— EXERCISE GOAL —
Please transcribe the data exactly as shown, skipping the images.
┌──
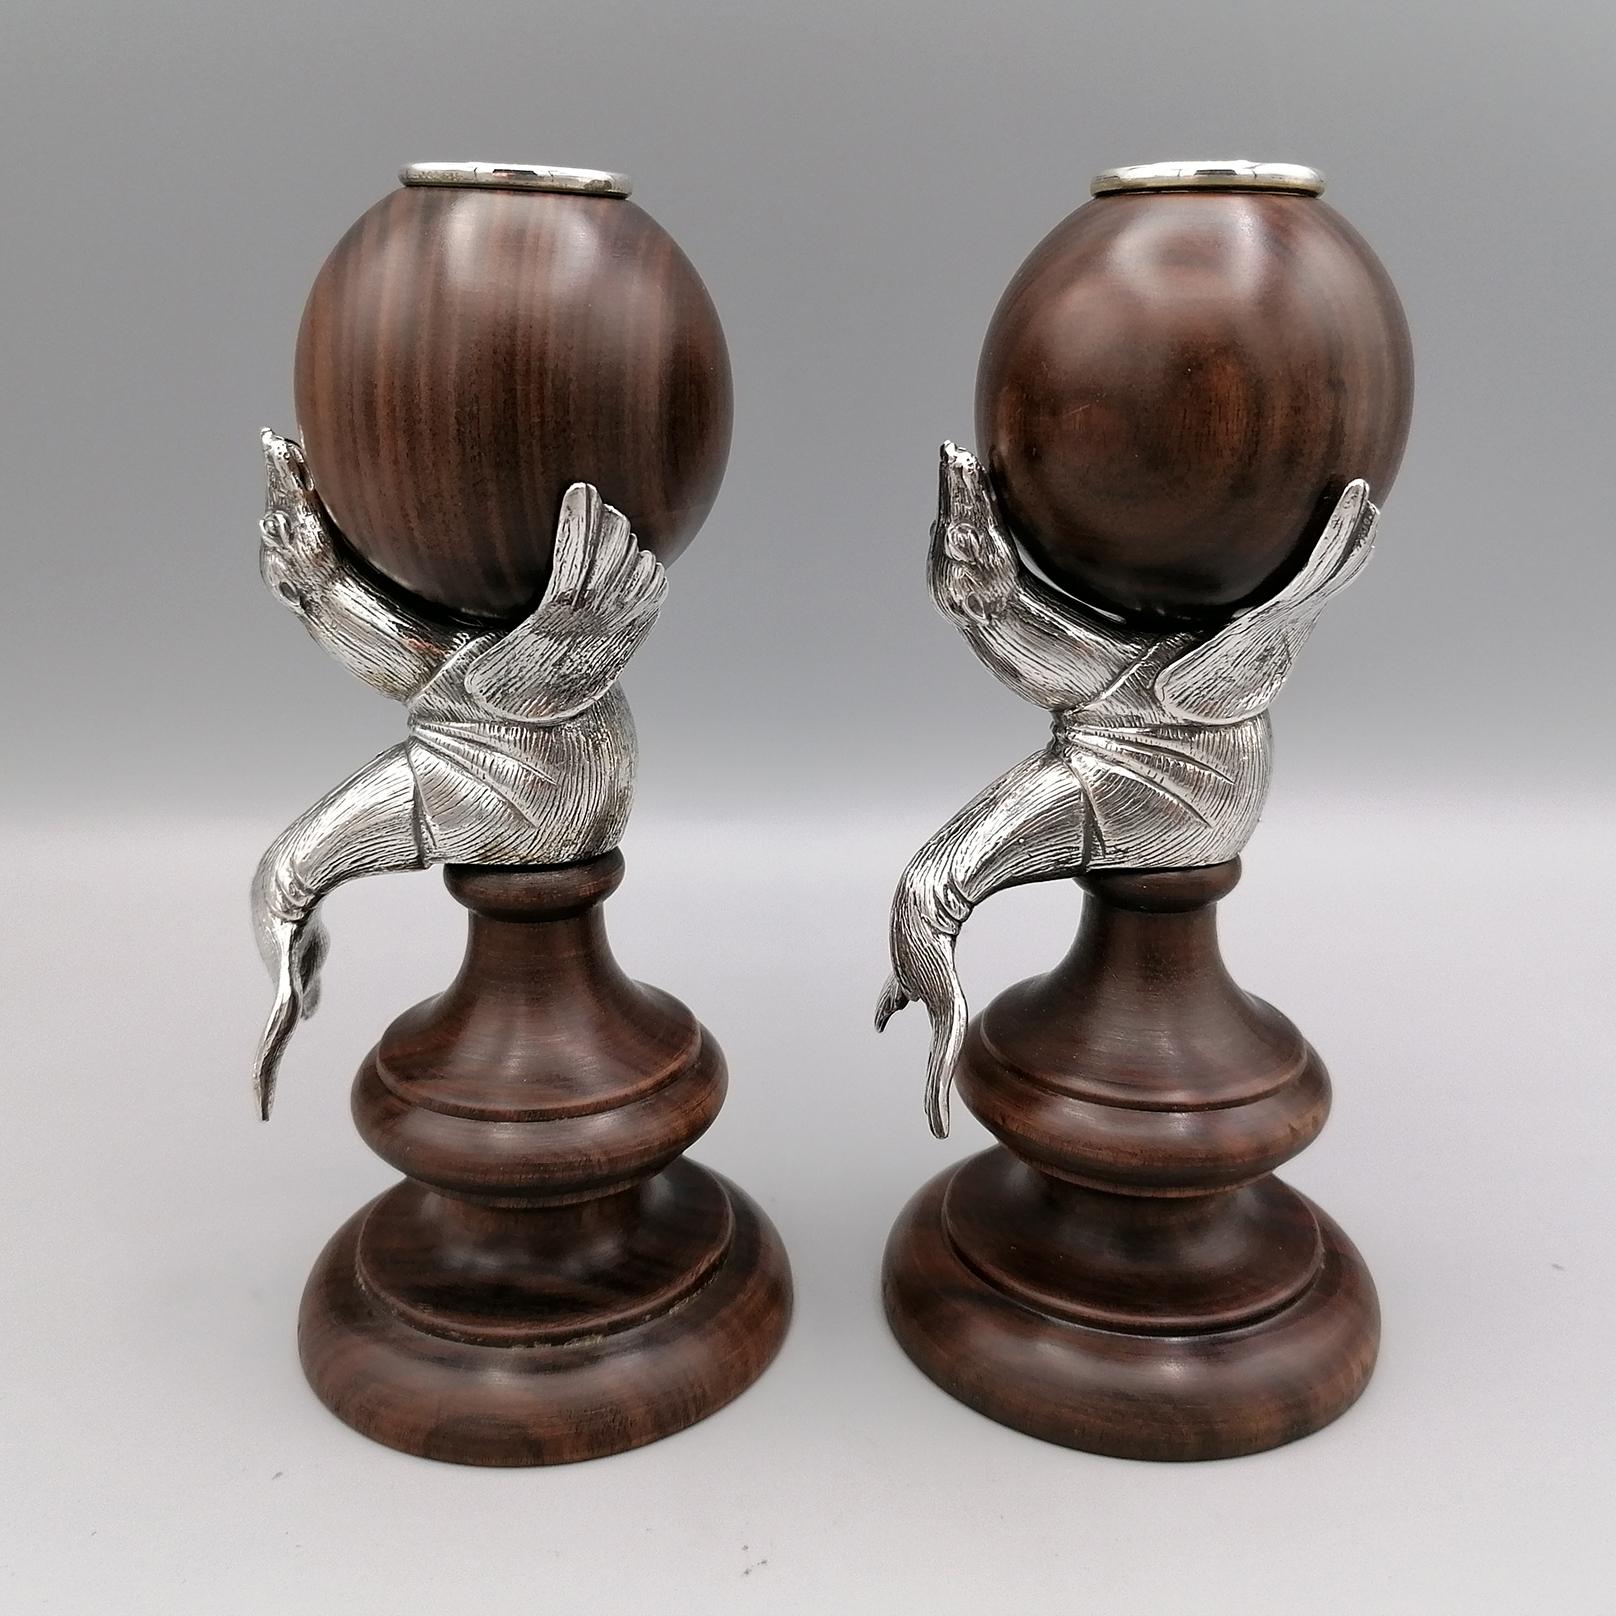 Pair of sterling silver and sierra wood candlesticks.
The candlestick depicts a silver seal that supports a wooden sphere where the holder is placed, also in 925 silver:
The base of the candlestick is also made of wood.
The seal was made with the
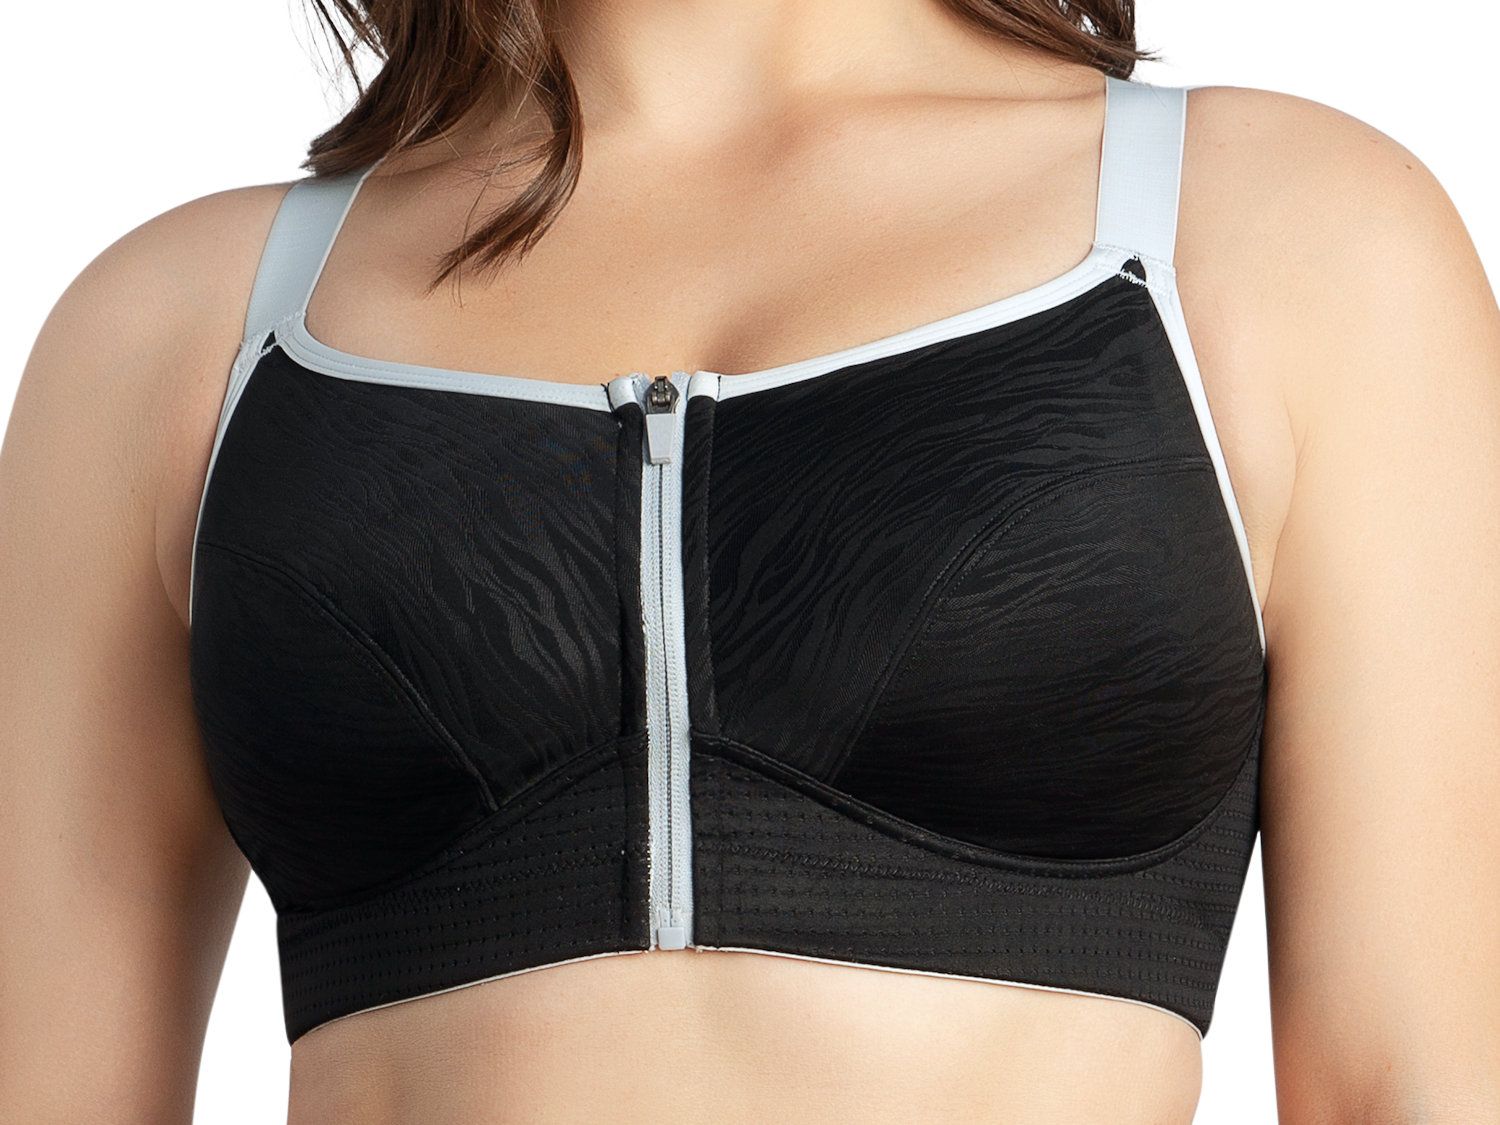 Bra-sized Non-Wired Sports Swimsuits in D-H cup
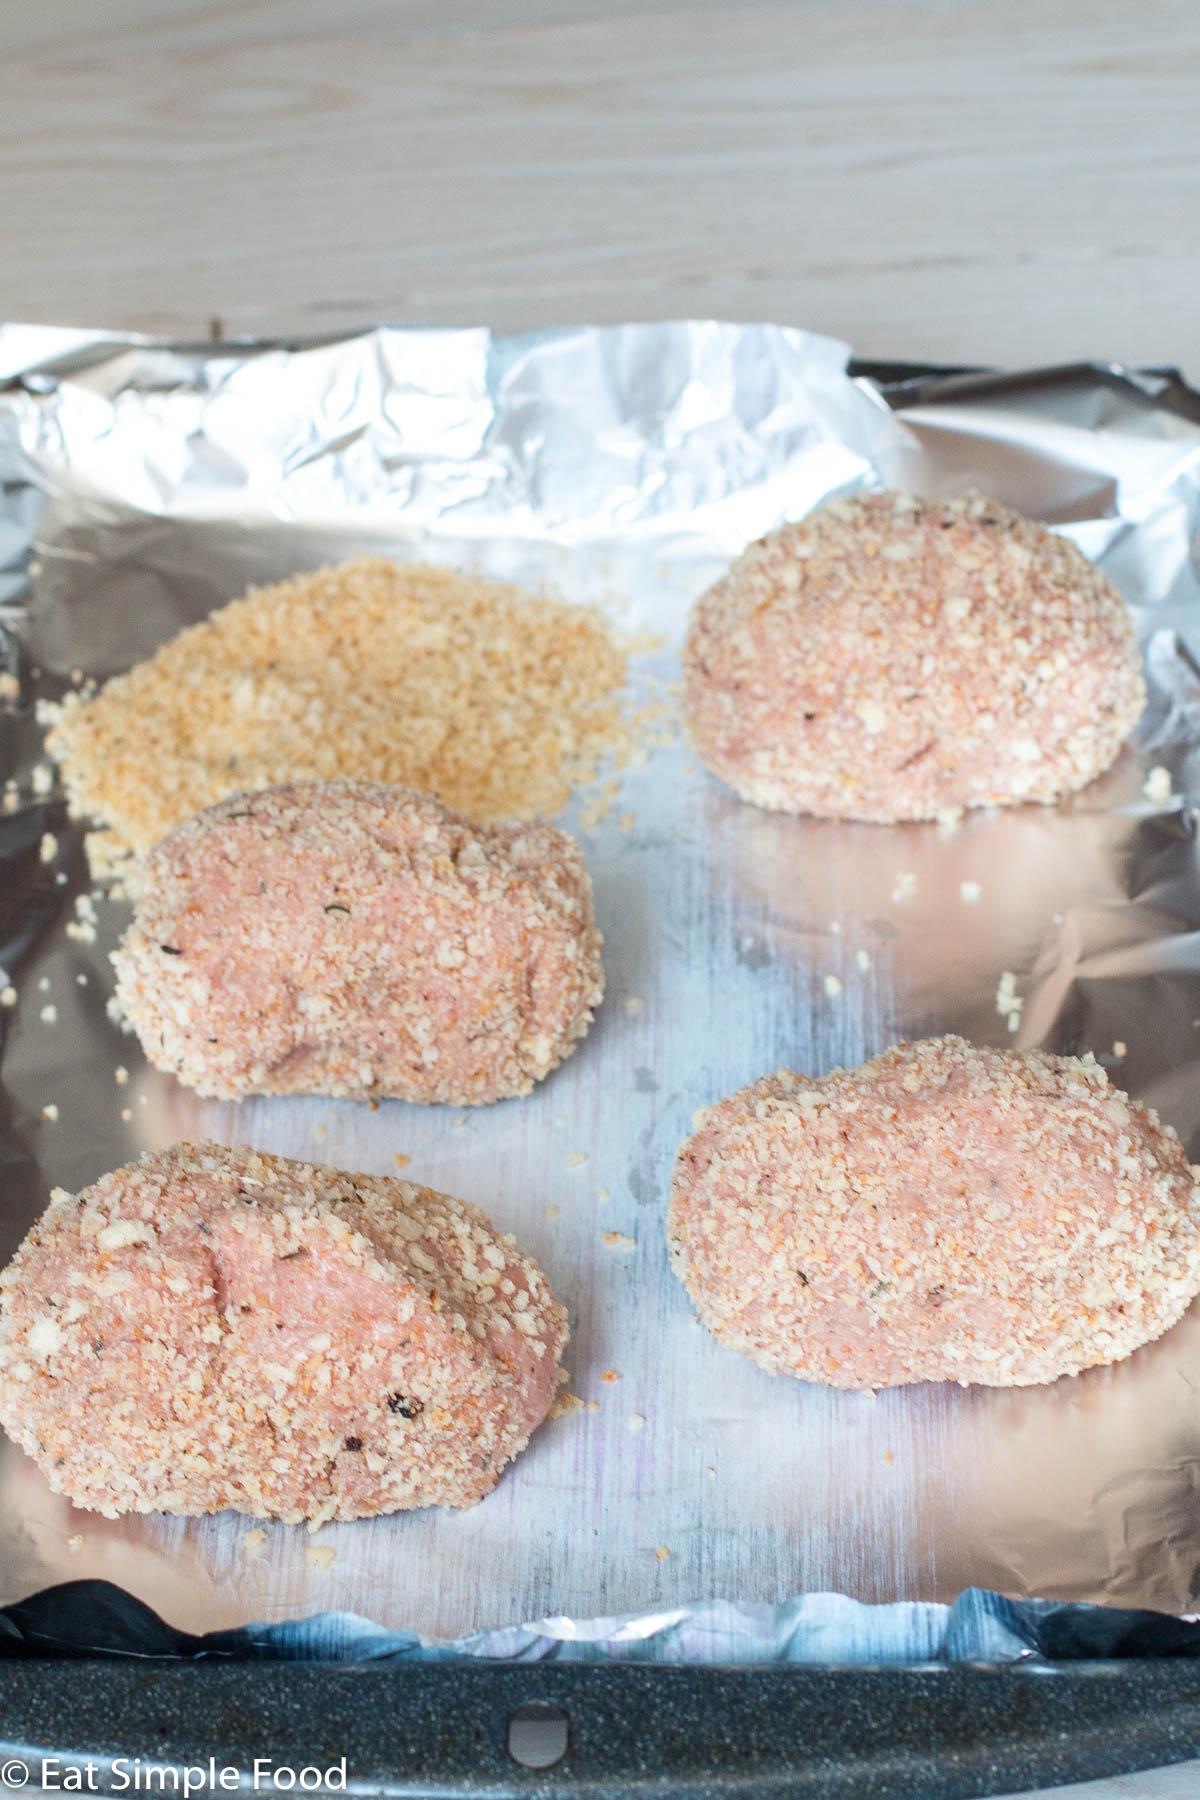 4 uncooked raw turkey scotch eggs on an aluminum lined baking sheet with breadcrumbs on it as well.
└──
— RESPONSE BELOW —
 Pair of sterling silver and sierra wood candlesticks.
The candlestick depicts a silver seal that supports a wooden sphere where the holder is placed, also in 925 silver:
The base of the candlestick is also made of wood.
The seal was made with the
 Bra-sized Non-Wired Sports Swimsuits in D-H cup
 4 uncooked raw turkey scotch eggs on an aluminum lined baking sheet with breadcrumbs on it as well.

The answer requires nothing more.